Transmission housing is a complex spatial structure. At present, there are two main methods to arrange the stiffeners. The first method is to arrange the stiffeners according to the magnitude and direction of the bearing holes and in combination with engineering experience. For example, Yang Luyi mentioned some case design experience [1], including the layout experience and method of stiffeners. Deng Xiaomei and others put forward more detailed design principles of stiffeners [2]; Song Jinggui and others gave the structural dimension principle of stiffeners [3]; The second is to optimize the conceptual layout of stiffeners by using topology optimization method, and then lay out the stiffeners in detail based on the optimization results, such as Xu Yan and others applied the element strain energy sensitivity to optimize the stiffener layout of the truck transmission housing [4]; Zhu Jianfeng and others applied the variable density method to optimize the overall structure design of the housing and the layout of stiffeners [5]. The first method is widely used.

In this paper, the transmission housing of passenger car was taken as the research object. Firstly, the first method was used to arrange the stiffeners, and then the initial design structure of the housing was given. Then, the strength and modal finite element analysis were carried out, and the rationality of the stiffener arrangement was evaluated through the strength, frequency and vibration mode of the housing. Finally, starting from the local structure of the stiffeners, the unreasonable stiffeners were optimized one by one, and the optimization scheme was put forward, which was verified by calculation and test, so as to provide technical support for improving the transmission housing structure.

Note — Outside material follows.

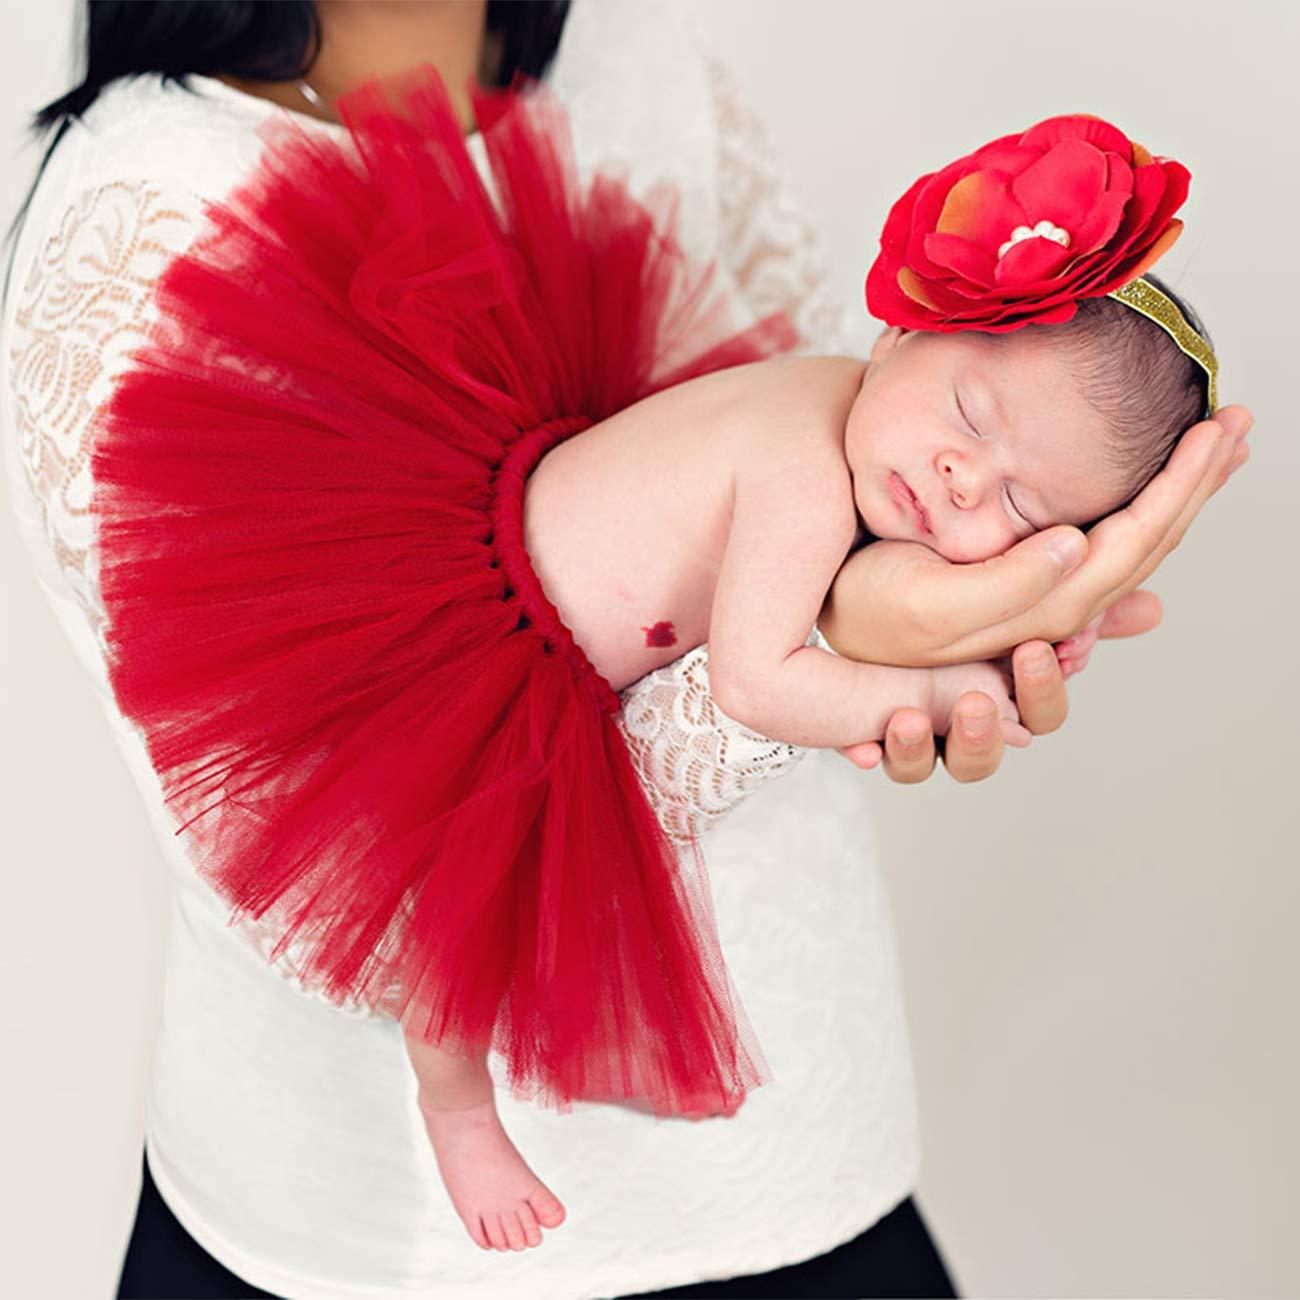 Babyfotografie-Mutter-haelt-Baby

2 Overview of Transmission Housing

As shown in Fig. 1, the transmission housing is mainly composed of two parts. According to the arrangement on the vehicle, 1 is the right housing and 2 is the left housing. Bearing cap 3 and seal cap 4 are also included in the seal cavity with the housing. The right housing and the left housing are of transverse split structure. It can be seen that the stiffener arrangement has the following characteristics: near the bearing hole, the star shaped divergent stiffener is mainly used, supplemented by annular stiffener as support; the large wall of the housing is dominated by low and crisscross stiffeners.

Fig. 1

Overview of transmission housing

3 Finite Element Analysis of Transmission Housing

The rationality of stiffener layout was confirmed by the strength and modal finite element analysis of transmission housing.

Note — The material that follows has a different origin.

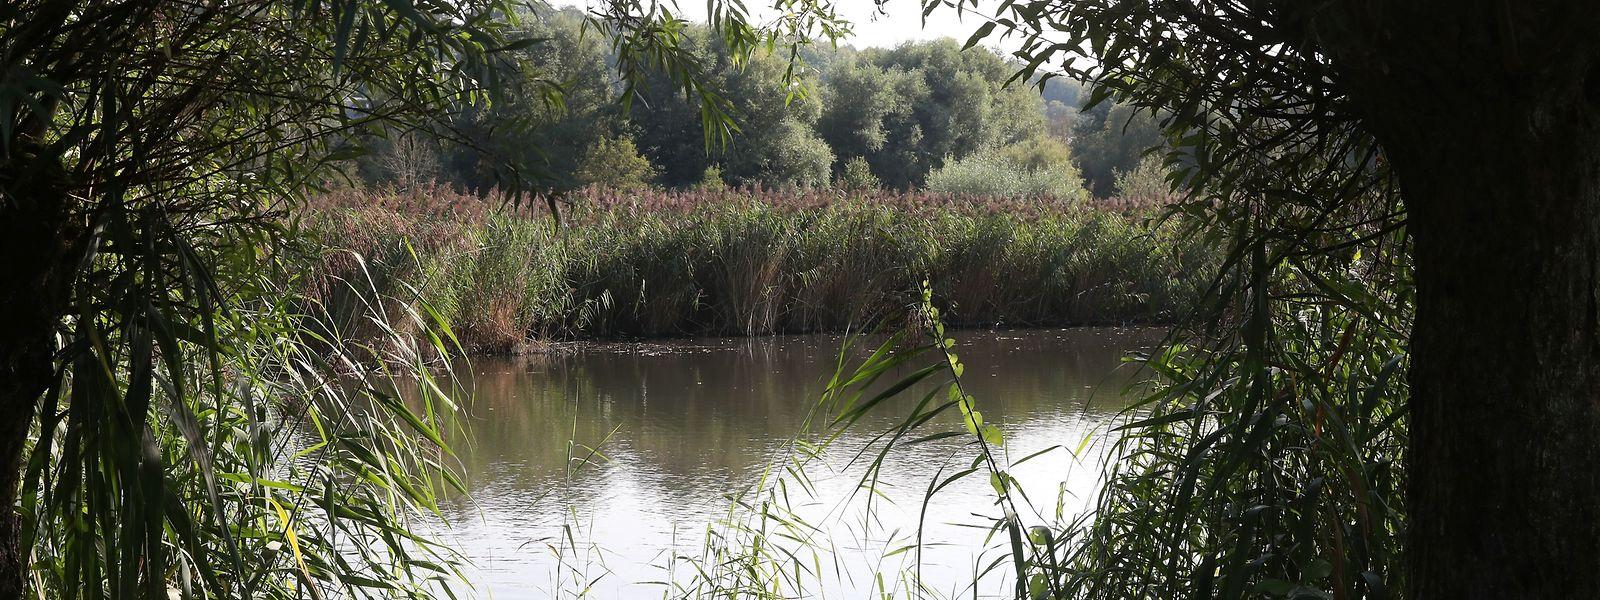 Der Schifflinger Brill ist ein von Menschen geschaffenes Paradies für viele Tier- und Pflanzenarten.

3.1 Strength Finite Element Analysis

3.1.1 Model Preprocessing

The smaller the mesh size of the finite element model is, the higher the accuracy of stress calculation will be, but the larger the calculation scale will be. In order to balance the contradiction between the mesh size and the calculation scale, the following meshing principles were followed. The housing structure was complex, so tetrahedral mesh should be adopted, and the basic mesh size was the same as the housing wall thickness (4 mm); the contact position of the bearing hole and the mesh at both ends of the stiffener should be divided into fine mesh, the mesh size was 1/2 of the wall thickness, and at least 2 rows of elements should be arranged at the fillet of both ends of the stiffener. The gear shaft and bearing were force transmission components, whose mesh size could be enlarged to twice of the wall thickness; gears were both force transmission components, but did not directly contact with the housing, so it could be greatly simplified, and was simulated using rigid body element (rbe2), the independent node of rbe2 was the gear mesh node, and the dependent node was selected from the contact part between needle roller bearing and gear shaft. The established finite element analysis model is shown in Fig. 2, in which the left figure is the housing finite element model, and the right figure is the finite element model of gear transmission mechanism inside the housing.

Fig. 2

Finite element analysis model of housing strength

According to ABAQUS software recommendation, C3D10M should be selected for the tetrahedral mesh used in contact nonlinear problems. The material of main parts in the model is shown in Table 1.

Table 1 Parts materials

3.1.2 Strength Calculation

The maximum design torque of each forward gear is the same, and the gear ratio of the first gear is the largest. Therefore, the meshing force of the gear passing through the first gear torque is the largest, which makes the housing bear the maximum force and the strength is the lowest. In addition to its large gear ratio, reverse gear also has the opposite rotation direction of the output shaft to the forward gear. As the harsh working conditions often occur in the first gear and the reverse gear [6], therefore, the first gear and the reverse gear are the necessary working conditions for the strength.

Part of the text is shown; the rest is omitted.